One problem we have occasionally is that a staff member will suddenly lose their wireless connection to our wireless subnet. We can usually get them connected by putting a static ip into their device, but dhcp won't give them a lease even after releasing/renewing the lease on their device. When we get to this part, we usually call Todd, give him the MAC address of the device, he remotes in, and within 10 minutes he has dhcp working again with the device. My boss wasn't much of a Unix guy and didn't mind calling Todd to do this, but I'd like to know what Todd is doing so I don't have to be the one to call him all the time since he's kind of snarky. 

So with just the MAC address, he does something to I assume the firewall/dhcp server machine.

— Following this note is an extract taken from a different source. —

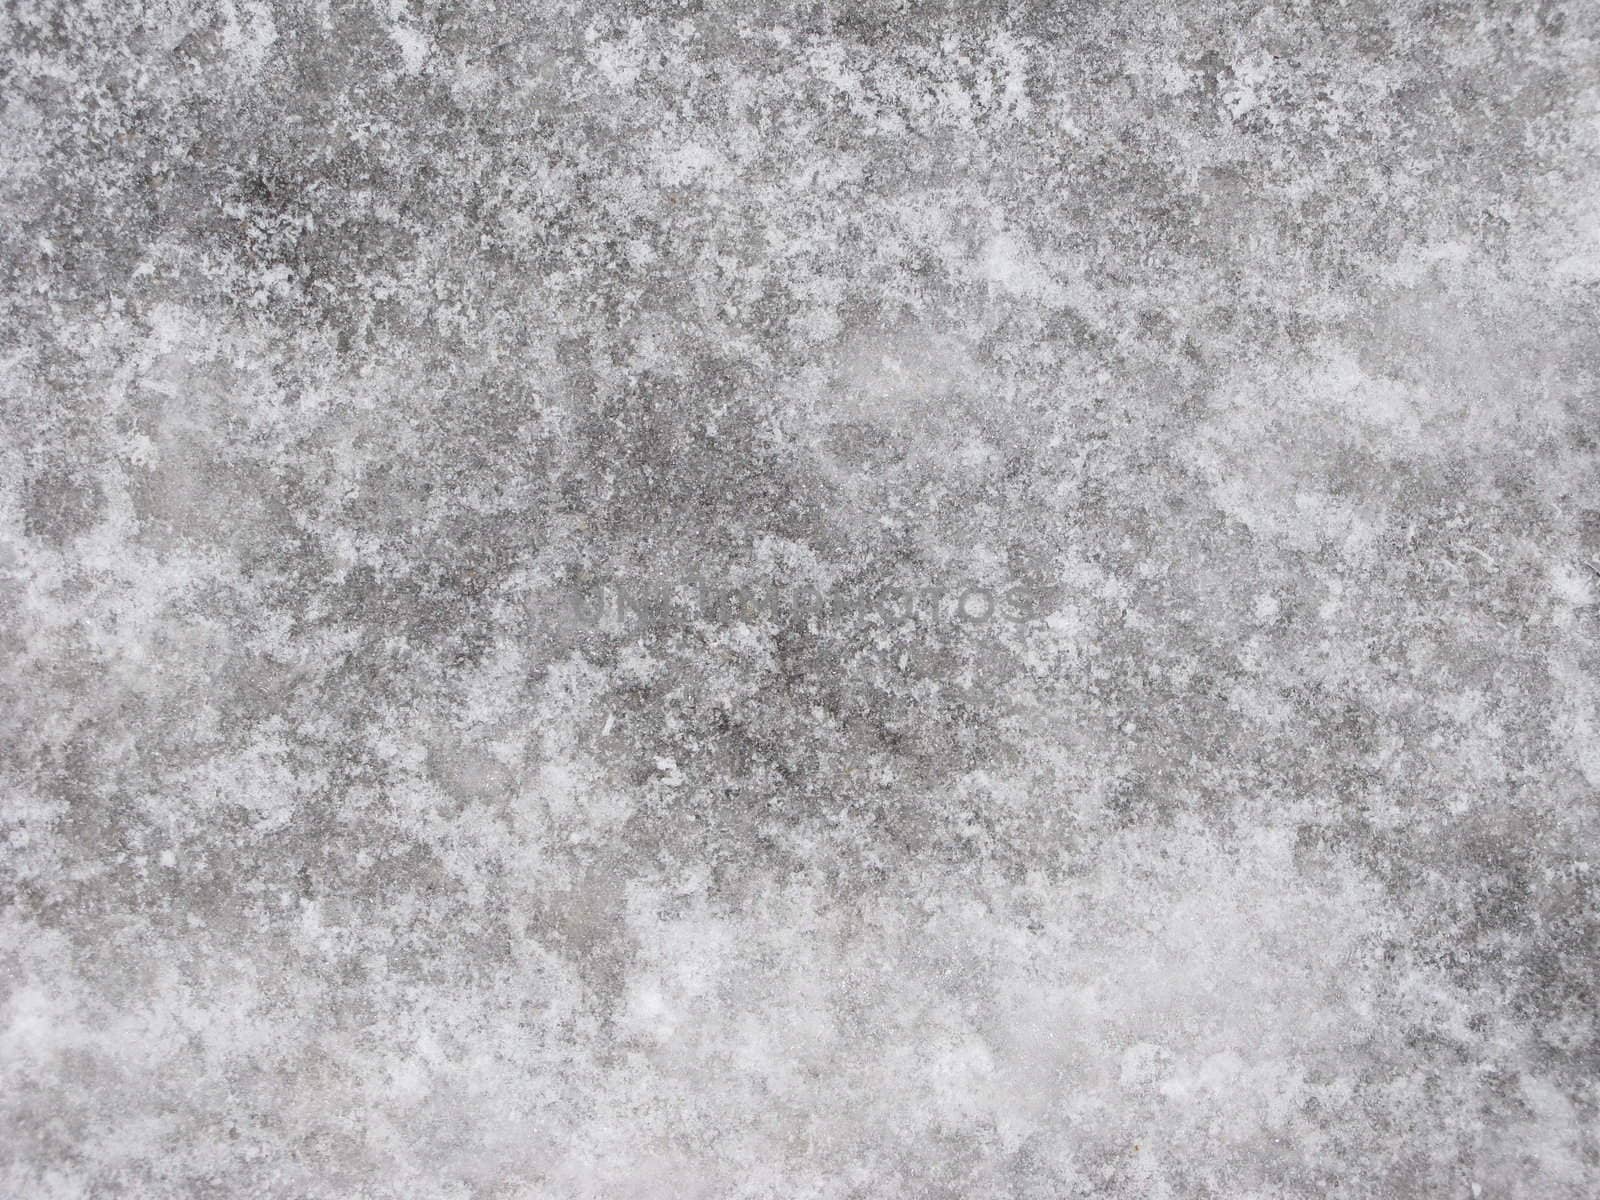 Ice-covered pavement surface texture, useful as background

I don't know what it's running, but I imagine it's dhcpd. Any idea how he's doing this or are there too many possibilities given the limited information I have? I'm only just learning Unix, so it might be an easy fix, but I don't know. Thank you.


----------



## SirDice (Aug 31, 2011)

jeffbsd said:
			
		

> but we have a FreeBSD (might be OpenBSD, but I hope that won't matter for what I'm going to ask)


It most definitely matters.

`$ uname -a` will show you what you got.


----------



## jeffbsd (Sep 1, 2011)

Didn't get the chance to log on to do uname, but I found out it's definitely OpenBSD after all. I assume I'll need to know the version number as well, but should I go find an OpenBSD forum to post in instead?


----------



## wblock@ (Sep 1, 2011)

Call me crazy, but my first impulse would be to ask the guy how he fixes it.


----------



## jeffbsd (Sep 1, 2011)

wblock said:
			
		

> Call me crazy, but my first impulse would be to ask the guy how he fixes it.



That would seem to make the most sense, but this guy isn't very open with his "secrets." Asking him before has only gotten cryptic, unhelpful responses.


----------



## DutchDaemon (Sep 1, 2011)

You might want to try the OpenBSD section of our good friends at DaemonForums.


----------



## jeffbsd (Sep 1, 2011)

Will do. Thank you!


----------